No doubt this is handy for testing this particular area, but overall I feel
this is too much of a one-trick pony to include in pgbench.

Alternatively, you could do something like this:

I think the one-trick pony is pgbench. It has exactly one starting
condition for its tests and that isn't even a real world condition.
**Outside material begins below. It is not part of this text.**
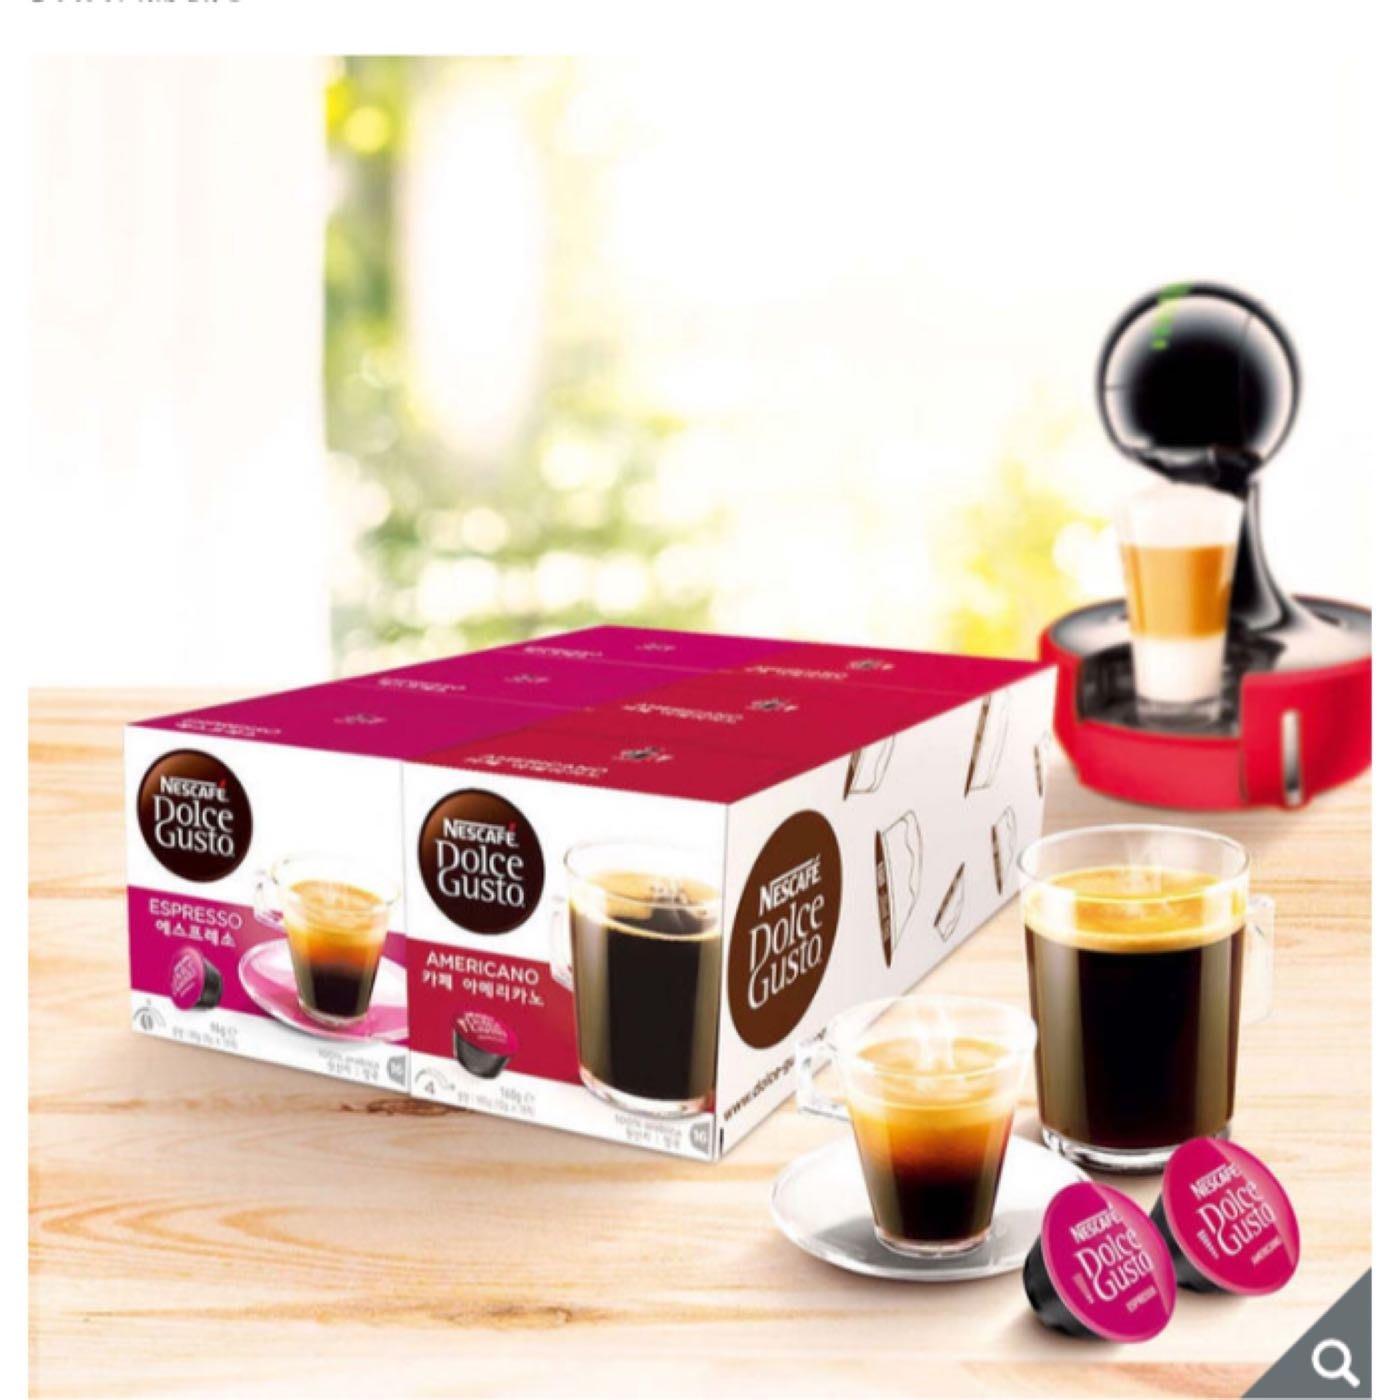 Dolce Gusto 雀巢義式+美式咖啡膠囊組 100%阿拉比卡豆(每盒16顆*6盒)

The main point of including the option into pgbench is to have a
utility that produces as initial test condition that works the same
for everyone, so we can accept each others benchmark results. We both
know that if someone posts that they have done $RANDOMSQL on a table
before running a test, it will just be ignored and people will say
user error. Some people will get it wrong when reproducing things and
we'll have chaos.

The patch exists as a way of testing the clog contention improvement
patches and provides a route to long term regression testing that the
solution(s) still work.

--
 Simon Riggs                   http://www.2ndQuadrant.com/
 PostgreSQL Development, 24x7 Support, Training & Services

#6Robert Haas
robertmhaas@gmail.com
In reply to: Simon Riggs (#5)
Re: Simulating Clog Contention

On Thu, Jan 19, 2012 at 10:18 AM, Simon Riggs <simon@2ndquadrant.com> wrote:

On Thu, Jan 19, 2012 at 2:36 PM, Heikki Linnakangas
<heikki.linnakangas@enterprisedb.com> wrote:

On 12.01.2012 14:31, Simon Riggs wrote:

In order to simulate real-world clog contention, we need to use
benchmarks that deal with real world situations.
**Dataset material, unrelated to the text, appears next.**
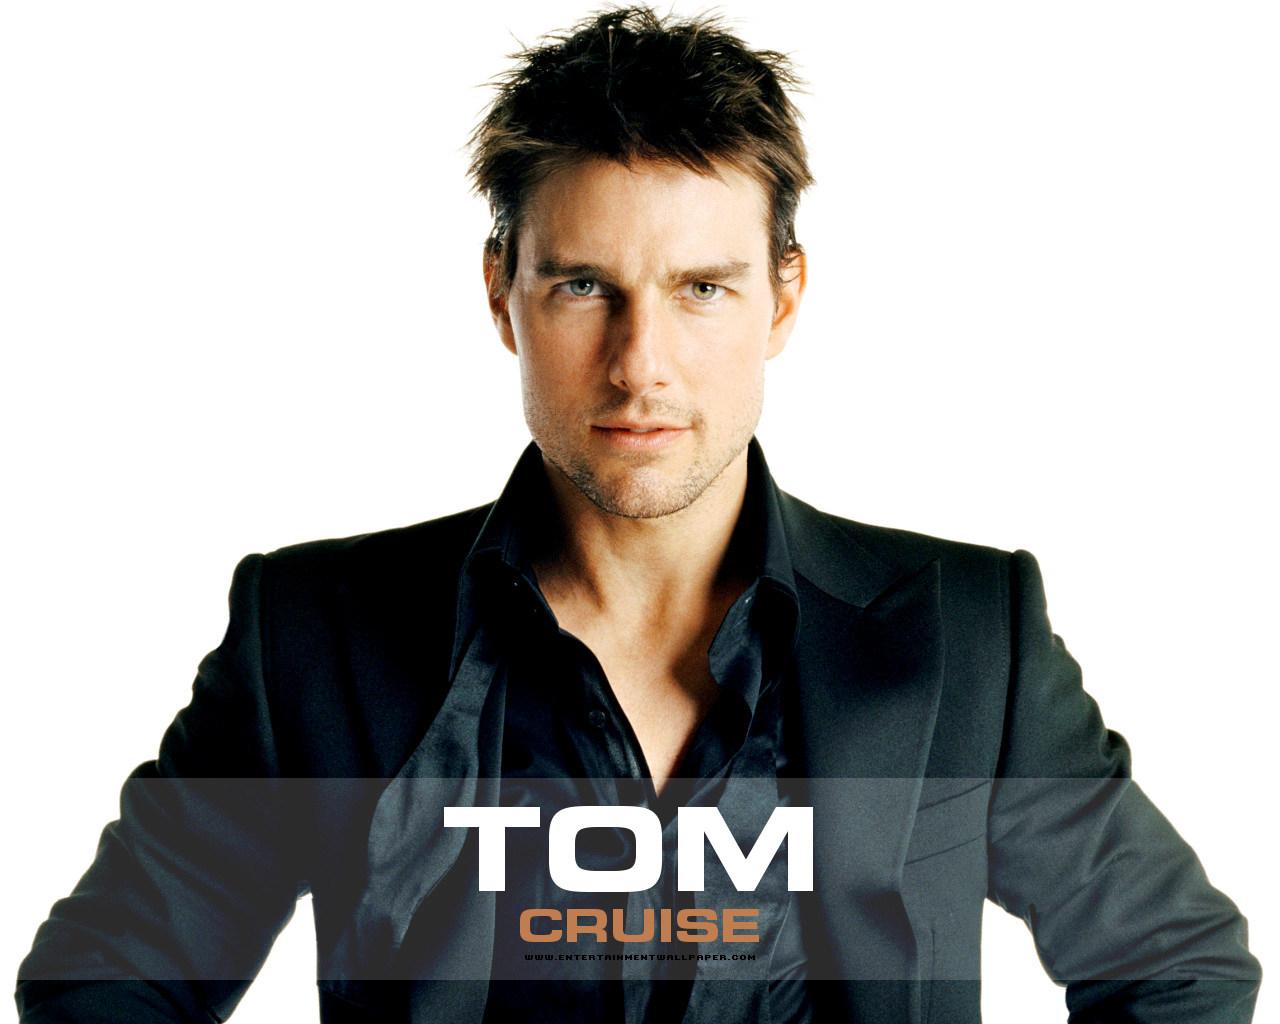 http://2.bp.blogspot.com/-ht4KovwEqTo/T6fpaOsGwEI/AAAAAAAAFU0/APJ-uW2O1P0/s1600/Tom+Cruise+HD+Wallpapers+(14).jpg

Currently, pgbench pre-loads data using COPY and executes a VACUUM so
that all hint bits are set on every row of every page of every table.
Thus, as pgbench runs it sees zero clog accesses from historical data.
As a result, clog access is minimised and the effects of clog
contention in the real world go unnoticed.

The following patch adds a pgbench option -I to load data using
INSERTs, so that we can begin benchmark testing with rows that have
large numbers of distinct un-hinted transaction ids. With a database
pre-created using this we will be better able to simulate and thus
more easily measure clog contention. Note that current clog has space
for 1 million xids, so a scale factor of greater than 10 is required
to really stress the clog.

No doubt this is handy for testing this particular area, but overall I feel
this is too much of a one-trick pony to include in pgbench.
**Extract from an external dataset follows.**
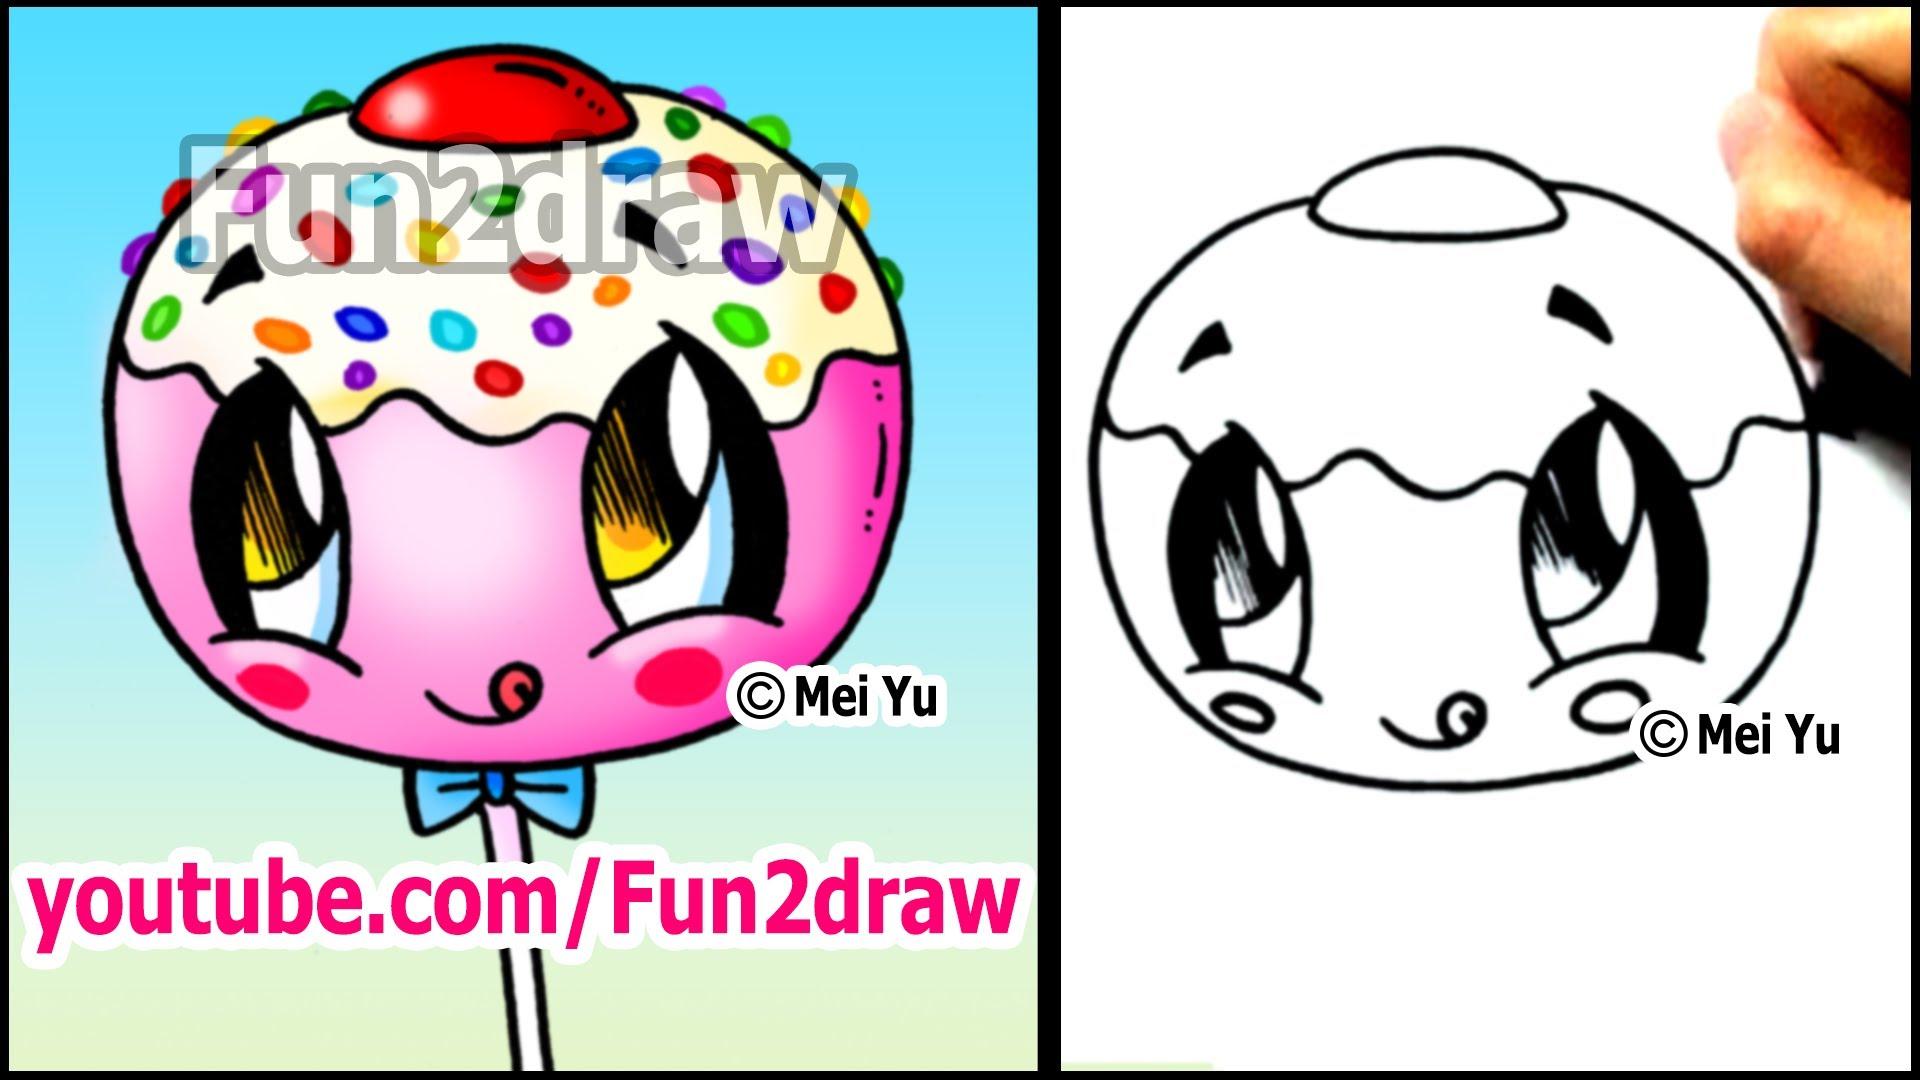 Drawn strawberry fun2draw (and Pop Cute Cute Cake

Alternatively, you could do something like this:

I think the one-trick pony is pgbench. It has exactly one starting
condition for its tests and that isn't even a real world condition.

The main point of including the option into pgbench is to have a
utility that produces as initial test condition that works the same
for everyone, so we can accept each others benchmark results. We both
know that if someone posts that they have done $RANDOMSQL on a table
before running a test, it will just be ignored and people will say
user error. Some people will get it wrong when reproducing things and
we'll have chaos.

The patch exists as a way of testing the clog contention improvement
patches and provides a route to long term regression testing that the
solution(s) still work.

I agree: I think this is useful.

However, I think we should follow the precedent of some of the other
somewhat-obscure options we've added recently and have only a long
form option for this: --inserts.

Also, I don't think the behavior described here should be joined at
the hip to --inserts:

+	 * We do this after a load by COPY, but before a load via INSERT
+	 *
+	 * This is done deliberately to ensure that no heap or index hints are
+	 * set before we start running the benchmark. This emulates the case
+	 * where data has arrived row at a time by INSERT, rather than being
+	 * bulkloaded prior to update.

I think that's also a useful behavior, but if we're going to have it,
we should have a separate option for it, like --create-indexes-early.
Otherwise, someone who wants to (for example) test only the impact of
doing inserts vs. COPY will get misleading answers.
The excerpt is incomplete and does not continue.